# [Source data]
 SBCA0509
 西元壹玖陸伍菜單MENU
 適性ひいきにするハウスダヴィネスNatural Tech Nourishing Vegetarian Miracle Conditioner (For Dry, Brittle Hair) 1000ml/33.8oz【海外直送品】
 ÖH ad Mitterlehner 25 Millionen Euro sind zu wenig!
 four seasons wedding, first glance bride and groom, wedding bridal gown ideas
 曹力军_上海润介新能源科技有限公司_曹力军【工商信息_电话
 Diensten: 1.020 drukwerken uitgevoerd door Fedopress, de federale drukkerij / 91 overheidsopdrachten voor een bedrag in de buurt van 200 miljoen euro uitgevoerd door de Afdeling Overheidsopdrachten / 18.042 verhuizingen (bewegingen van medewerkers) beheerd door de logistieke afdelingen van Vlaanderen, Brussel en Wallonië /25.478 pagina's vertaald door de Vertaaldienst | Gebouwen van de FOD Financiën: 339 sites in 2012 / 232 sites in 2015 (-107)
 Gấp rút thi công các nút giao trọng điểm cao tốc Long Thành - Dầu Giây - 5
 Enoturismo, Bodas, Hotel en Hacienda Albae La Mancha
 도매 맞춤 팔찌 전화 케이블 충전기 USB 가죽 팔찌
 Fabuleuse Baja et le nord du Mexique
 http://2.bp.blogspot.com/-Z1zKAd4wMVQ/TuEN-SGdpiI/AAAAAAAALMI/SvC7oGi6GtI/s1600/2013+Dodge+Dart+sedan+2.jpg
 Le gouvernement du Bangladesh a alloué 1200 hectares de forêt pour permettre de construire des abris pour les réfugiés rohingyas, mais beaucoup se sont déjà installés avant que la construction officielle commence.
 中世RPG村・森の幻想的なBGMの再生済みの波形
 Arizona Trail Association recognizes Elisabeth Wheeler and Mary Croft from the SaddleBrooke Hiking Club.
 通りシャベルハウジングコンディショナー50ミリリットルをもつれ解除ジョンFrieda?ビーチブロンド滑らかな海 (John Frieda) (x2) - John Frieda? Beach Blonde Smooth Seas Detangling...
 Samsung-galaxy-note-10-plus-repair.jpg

# [Assigned task]
Could you please print the entire listing exactly?

# [Reply]
 SBCA0509
 西元壹玖陸伍菜單MENU
 適性ひいきにするハウスダヴィネスNatural Tech Nourishing Vegetarian Miracle Conditioner (For Dry, Brittle Hair) 1000ml/33.8oz【海外直送品】
 ÖH ad Mitterlehner 25 Millionen Euro sind zu wenig!
 four seasons wedding, first glance bride and groom, wedding bridal gown ideas
 曹力军_上海润介新能源科技有限公司_曹力军【工商信息_电话
 Diensten: 1.020 drukwerken uitgevoerd door Fedopress, de federale drukkerij / 91 overheidsopdrachten voor een bedrag in de buurt van 200 miljoen euro uitgevoerd door de Afdeling Overheidsopdrachten / 18.042 verhuizingen (bewegingen van medewerkers) beheerd door de logistieke afdelingen van Vlaanderen, Brussel en Wallonië /25.478 pagina's vertaald door de Vertaaldienst | Gebouwen van de FOD Financiën: 339 sites in 2012 / 232 sites in 2015 (-107)
 Gấp rút thi công các nút giao trọng điểm cao tốc Long Thành - Dầu Giây - 5
 Enoturismo, Bodas, Hotel en Hacienda Albae La Mancha
 도매 맞춤 팔찌 전화 케이블 충전기 USB 가죽 팔찌
 Fabuleuse Baja et le nord du Mexique
 http://2.bp.blogspot.com/-Z1zKAd4wMVQ/TuEN-SGdpiI/AAAAAAAALMI/SvC7oGi6GtI/s1600/2013+Dodge+Dart+sedan+2.jpg
 Le gouvernement du Bangladesh a alloué 1200 hectares de forêt pour permettre de construire des abris pour les réfugiés rohingyas, mais beaucoup se sont déjà installés avant que la construction officielle commence.
 中世RPG村・森の幻想的なBGMの再生済みの波形
 Arizona Trail Association recognizes Elisabeth Wheeler and Mary Croft from the SaddleBrooke Hiking Club.
 通りシャベルハウジングコンディショナー50ミリリットルをもつれ解除ジョンFrieda?ビーチブロンド滑らかな海 (John Frieda) (x2) - John Frieda? Beach Blonde Smooth Seas Detangling...
 Samsung-galaxy-note-10-plus-repair.jpg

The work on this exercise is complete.